Description-Behavior Mismatch

Medium

Confidence: 89% confidence
Finding: The skill is presented as a narrow AI voice-over tool, but the routing and workflow instructions expand it into a general video-editing and media-processing interface. This scope mismatch can cause the agent to invoke the skill for user requests beyond what was disclosed, increasing the chance of unexpected data handling and user confusion about what actions will be performed remotely.

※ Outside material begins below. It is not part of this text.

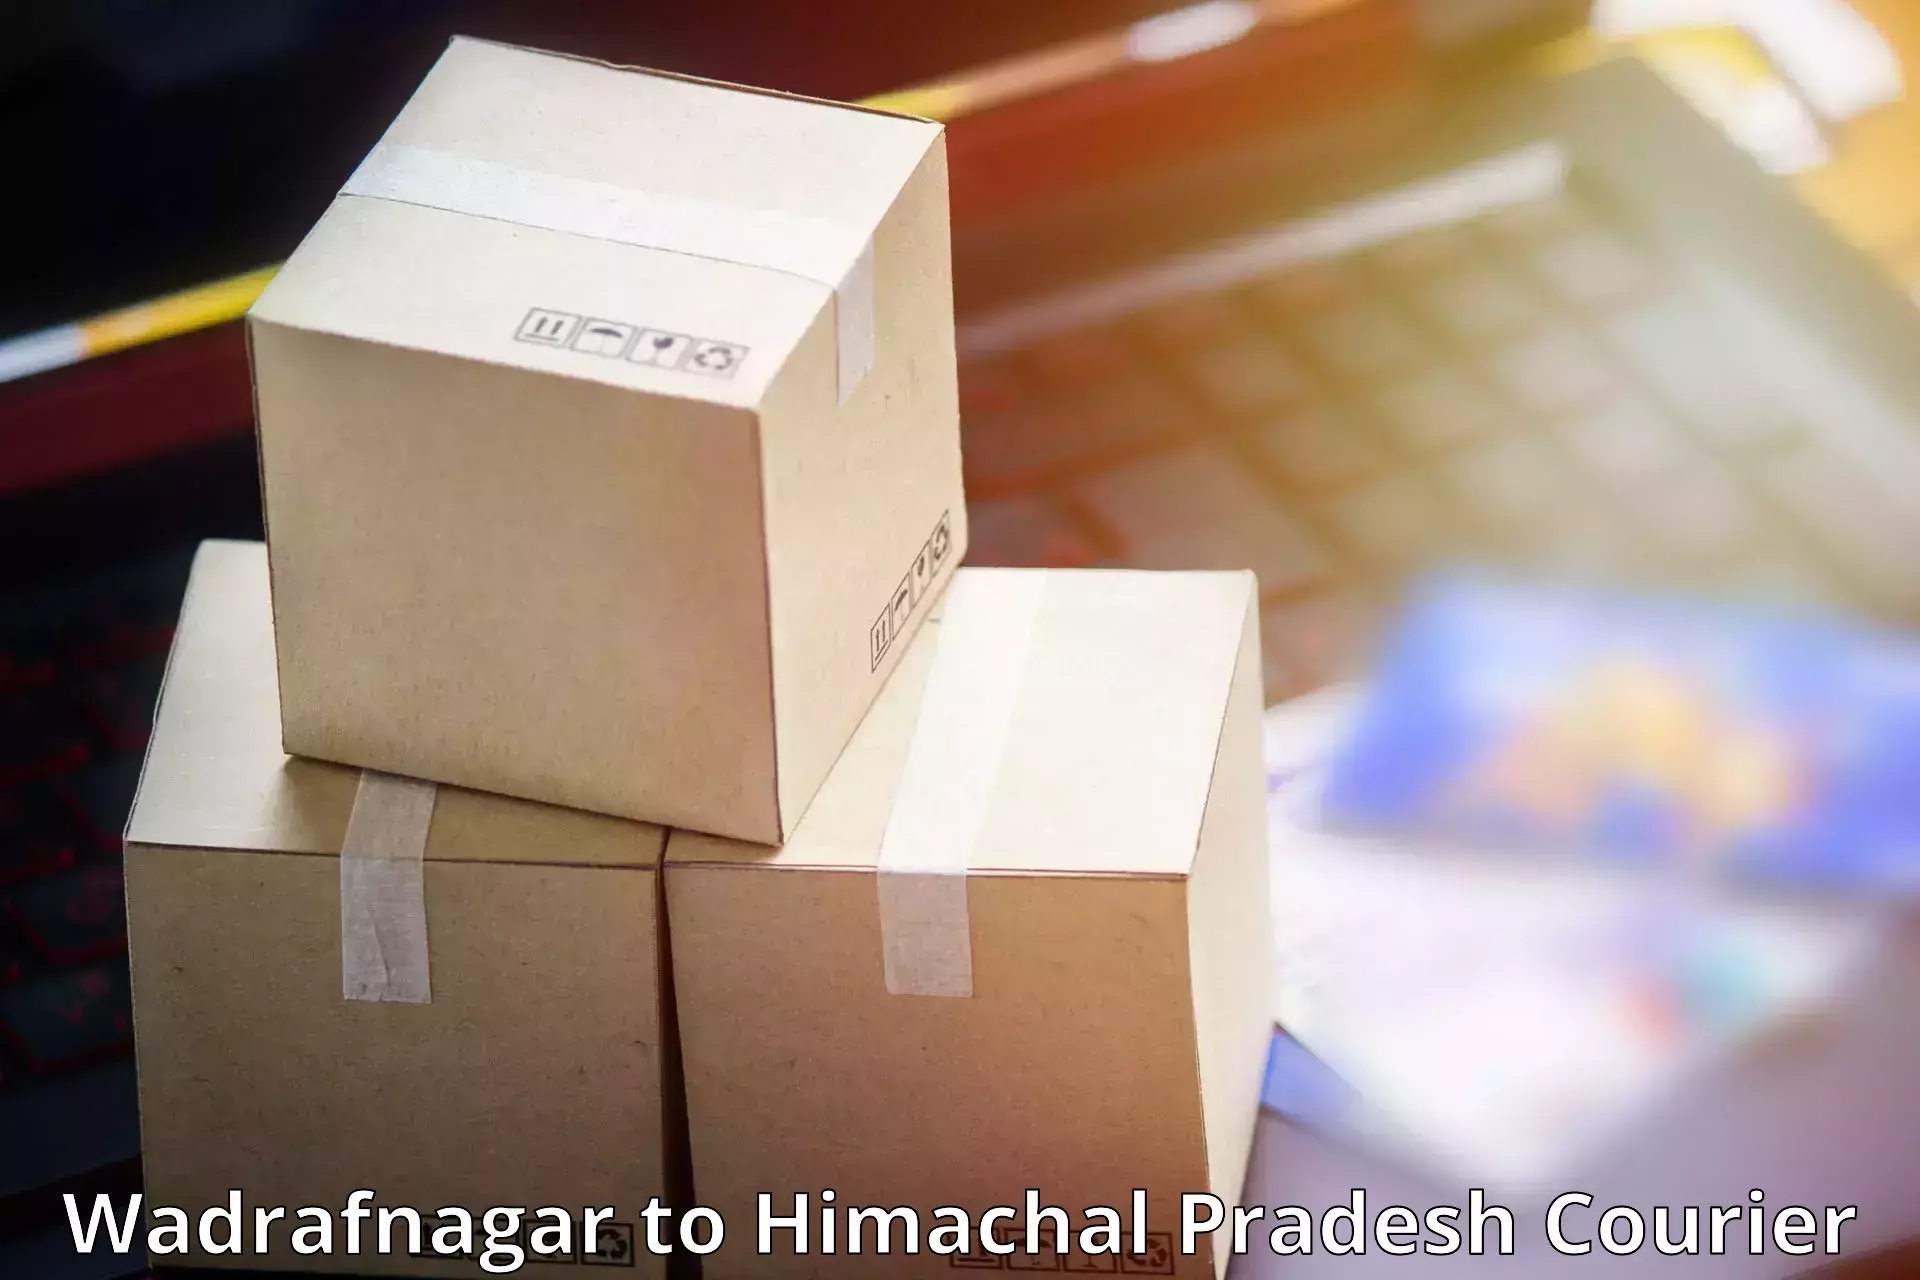 Tailored freight services Wadrafnagar to Una Himachal Pradesh

Description-Behavior Mismatch

Medium

Confidence: 92% confidence
Finding: The supported formats list includes many media types and transformations far beyond the stated voice-over workflow, indicating materially broader capability than advertised. Hidden expansion of input/output scope can lead users to submit content under false assumptions and enables the skill to function as a more general media-processing conduit than expected.

Vague Triggers

High

Confidence: 97% confidence
Finding: Routing 'Everything else' to the SSE action is an overly broad catch-all that can capture unrelated user prompts and send them to a remote backend. In an agent setting, this creates a prompt-hijacking surface where ambiguous or unmatched requests are still processed externally, potentially causing unintended actions or unnecessary disclosure of user content.

Vague Triggers

Medium

Confidence: 79% confidence
Finding: The invocation guidance mixes voice-over, aspect ratio, text overlays, and audio tracks, making activation boundaries unclear. Ambiguous triggering increases the likelihood that the skill will be invoked for tasks outside the user's understanding of the skill's purpose, especially because the service performs remote processing.

Missing User Warnings

Medium

Confidence: 95% confidence
Finding: The skill asks users to upload media and immediately establishes a backend session, but it does not prominently warn users that their files and prompts are transmitted to third-party remote services. For a media tool handling potentially sensitive audio/video, lack of upfront disclosure undermines informed consent and can expose private content to external processing without clear notice.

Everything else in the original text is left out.